The modem processor may include a modulator and a demodulator. Among them, the modulator is used to modulate the low frequency baseband signal to be sent into a medium and high frequency signal. The demodulator is used to demodulate the received electromagnetic wave signal into a low-frequency baseband signal. Then the demodulator transmits the demodulated low-frequency baseband signal to the baseband processor for processing. The low-frequency baseband signal is processed by the baseband processor and then passed to the application processor. The application processor outputs a sound signal through an audio device (not limited to the speaker 170A, the receiver 170B, etc.), or displays an image or video through the display screen 194. In some embodiments, the modem processor may be an independent device. In other embodiments, the modem processor may be independent of the processor 110 and be provided in the same device as the mobile communication module 150 or other functional modules.

The wireless communication module 160 can provide applications on the electronic device 100 including wireless local area networks (WLAN) (such as wireless fidelity (Wi-Fi) networks), Bluetooth (BT), and global navigation satellites. System (global navigation satellite system, GNSS), frequency modulation (frequency modulation, FM), near field communication technology (near field communication, NFC), infrared technology (infrared, IR) and other wireless communication solutions. The wireless communication module 160 may be one or more devices integrating one or more communication processing modules. The wireless communication module 160 receives electromagnetic waves via the antenna 2, frequency modulates and filters the electromagnetic wave signals, and sends the processed signals to the processor 110. The wireless communication module 160 can also receive the signal to be sent from the processor 110, perform frequency modulation, amplify it, and convert it into electromagnetic wave radiation via the antenna 2.

In some embodiments, the antenna 1 of the electronic device 100 is coupled with the mobile communication module 150, and the antenna 2 is coupled with the wireless communication module 160, so that the electronic device 100 can communicate with the network and other devices through wireless communication technology. The wireless communication technologies may include global system for mobile communications (GSM), general packet radio service (GPRS), code division multiple access (CDMA), broadband Code division multiple access (wideband code division multiple access, WCDMA), time-division code division multiple access (TD-SCDMA), long term evolution (LTE), BT, GNSS, WLAN, NFC , FM, and/or IR technology, etc. The GNSS may include global positioning system (GPS), global navigation satellite system (GLONASS), Beidou navigation satellite system (BDS), quasi-zenith satellite system (quasi -zenith satellite system, QZSS) and/or satellite-based augmentation systems (SBAS).

The electronic device 100 implements a display function through a GPU, a display screen 194, and an application processor. The GPU is a microprocessor for image processing, connected to the display 194 and the application processor. The GPU is used to perform mathematical and geometric calculations for graphics rendering. The processor 110 may include one or more GPUs, which execute program instructions to generate or change display information.

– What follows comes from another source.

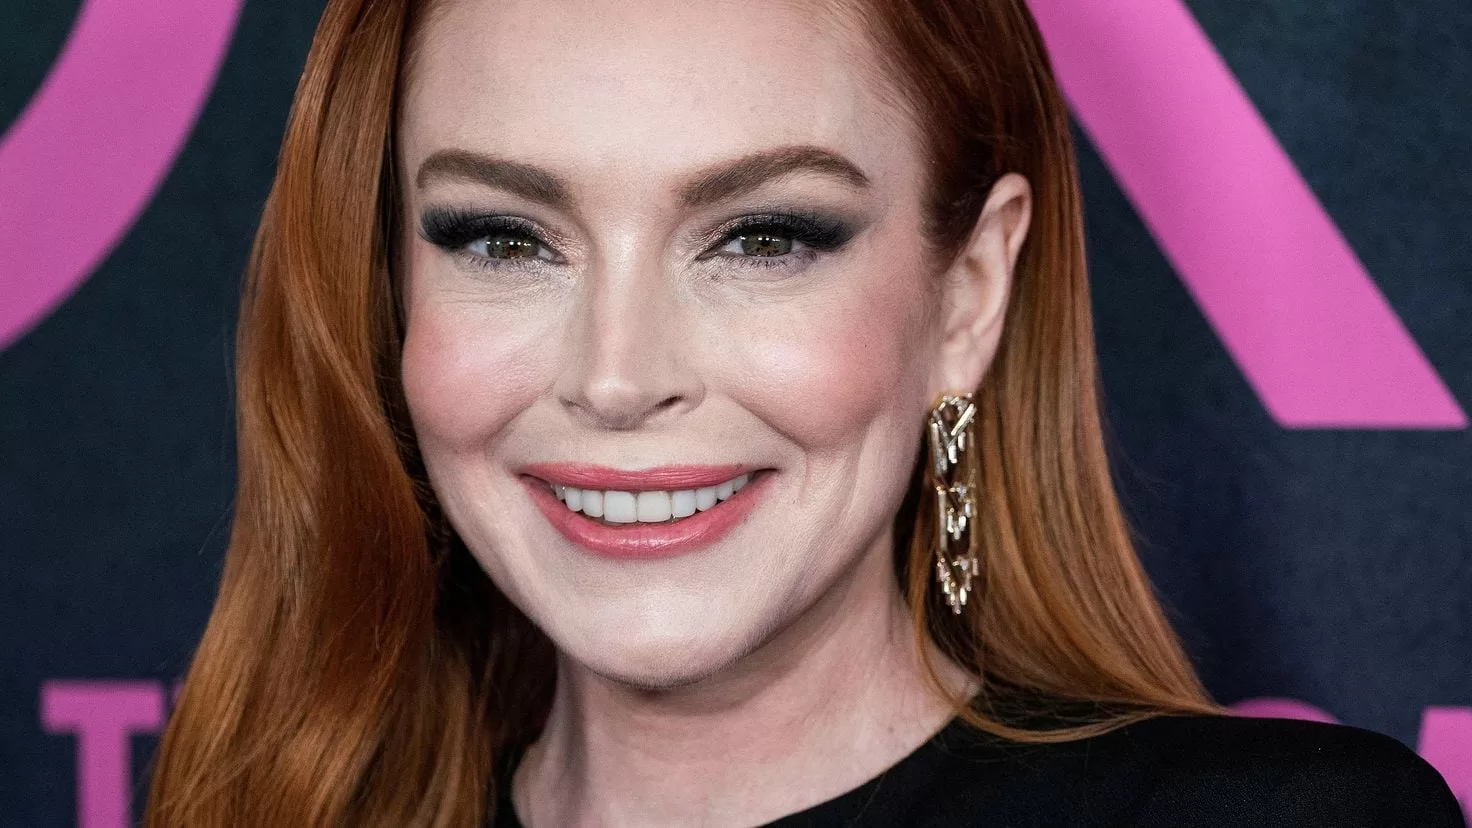 Lindsay Lohan earned half a million dollars for half a day's work on Mean Girls

The display screen 194 is used to display images, videos, etc. The display screen 194 includes a display panel. The display panel can adopt liquid crystal display (LCD), organic light-emitting diode (OLED), active-matrix organic light-emitting diode or active-matrix organic light-emitting diode (active-matrix organic light-emitting diode). AMOLED, flexible light-emitting diode (FLED), Miniled, MicroLed, Micro-oLed, quantum dot light-emitting diode (QLED), etc. In some embodiments, the electronic device 100 may include one or N display screens 194, and N is a positive integer greater than one.

The electronic device 100 can realize a shooting function through an ISP, a camera 193, a video codec, a GPU, a display screen 194, and an application processor.

The ISP is used to process the data fed back from the camera 193. For example, when taking a picture, the shutter is opened, the light is transmitted to the photosensitive element of the camera through the lens, the light signal is converted into an electrical signal, and the photosensitive element of the camera transfers the electrical signal to the ISP for processing and is converted into an image visible to the naked eye. ISP can also optimize the image noise, brightness, and skin color. ISP can also optimize the exposure, color temperature and other parameters of the shooting scene. In some embodiments, the ISP may be provided in the camera 193.

The camera 193 is used to capture still images or videos. In some embodiments, the mobile phone 100 may include 1 or N cameras, and N is a positive integer greater than 1. The camera 193 may be a front camera or a rear camera. As shown in FIG. 2, the camera 193 generally includes a lens and a sensor. The photosensitive element may be a CCD (charge-coupled device) or a CMOS (complementary metal oxide semiconductor, complementary metal oxide semiconductor). ) And other arbitrary photosensitive devices.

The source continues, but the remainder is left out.